E.ON is launching a website that aims to support the children and their parents in their quest to conquer STEM. The Energise Anything platform will provide resources for pupils between five and fourteen years of age, and their parents and teachers, to painlessly discover the world of STEM.

“STEM subjects form the basis for a surprising number of different career paths, so it’s vital that we encourage our children to feel confident and engaged with these topics from a young age,” said Suzanne Doxey, community relations manager at E.ON. “Helping kids to feel confident now will help them to feel more positive about maths and science in the future - our research shows that parents’ lack of confidence about these subjects at school has stayed with them and impacted their ability as adults."

The study showed that confidence is the key barrier parents face when trying to spend time helping their kids with homework. On average, each parent spends two hours with their offspring doing homework. Almost a quarter of the parents admitted they avoid helping with homework and prefer their partner to do it or encourage children to ask the teacher. One in seven parents admitted they would rather clean the house or do the washing up than help with homework.

Parents are most confident helping children eight to ten years old (70 per cent). However, that confidence decreases gradually and once children reach the age of fourteen to sixteen, only 51 per cent of parents is still comfortable helping.
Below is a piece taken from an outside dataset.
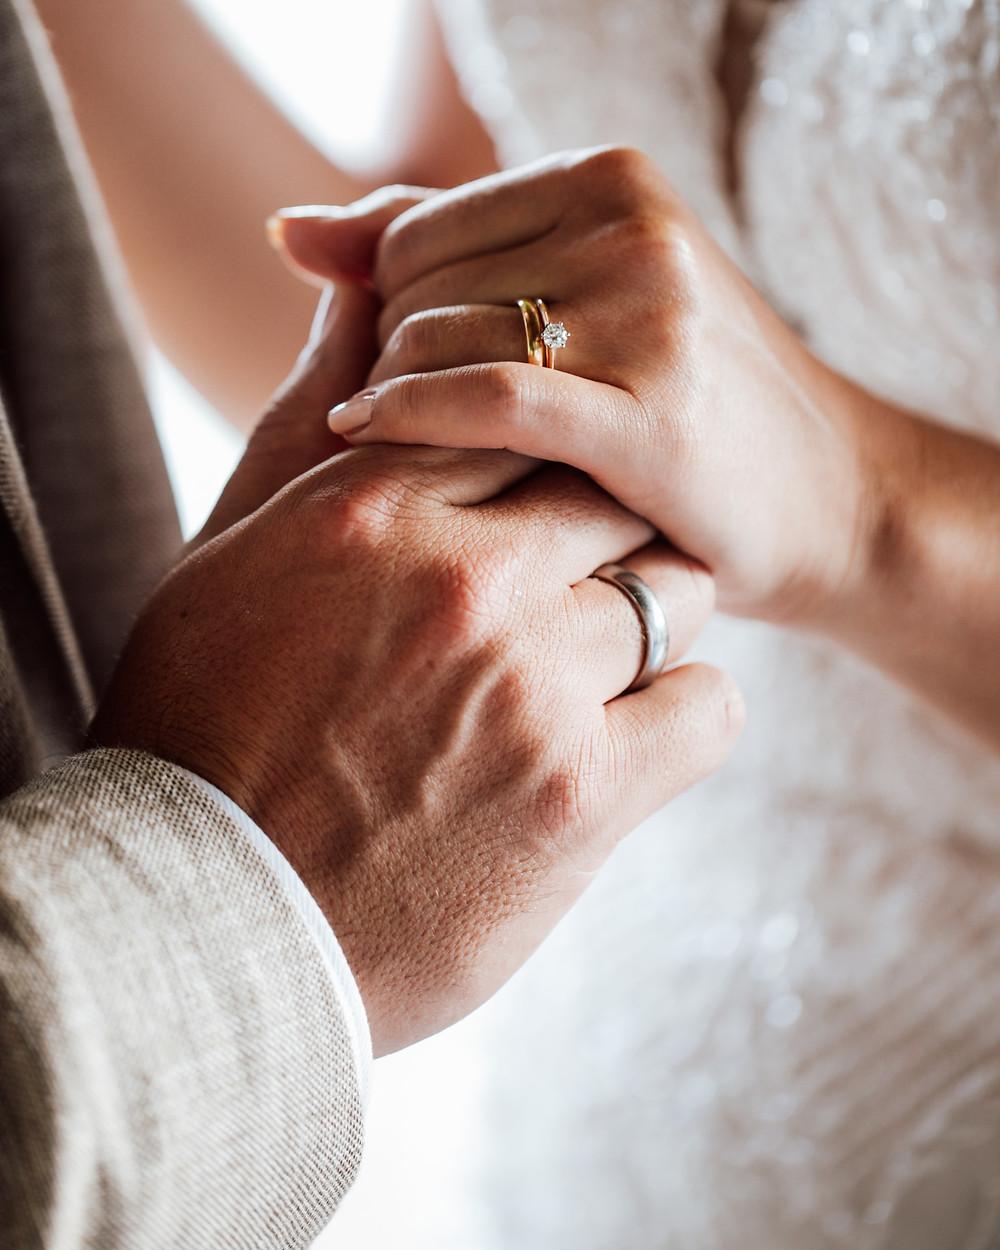 Kuvassa hääpuvussa oleva nainen ja puvussa oleva mies pitävät toisiaan kädestä. Kaunis kultainen timanttisormus ja miehen hopeinen sormus etualalla.

The situation is better when it comes to maths and considerably worse with other subjects.

“Confidence plays a vital role in helping our children get to grips with STEM subjects, so it’s important to give them a good grounding at a young age,” said engineer and broadcaster Kate Bellingham, who is supporting the E.ON initiative. “When children see that others in the family are willing to explore scientific ideas and improve their own understanding, I’m sure it will empower the children to do the same.”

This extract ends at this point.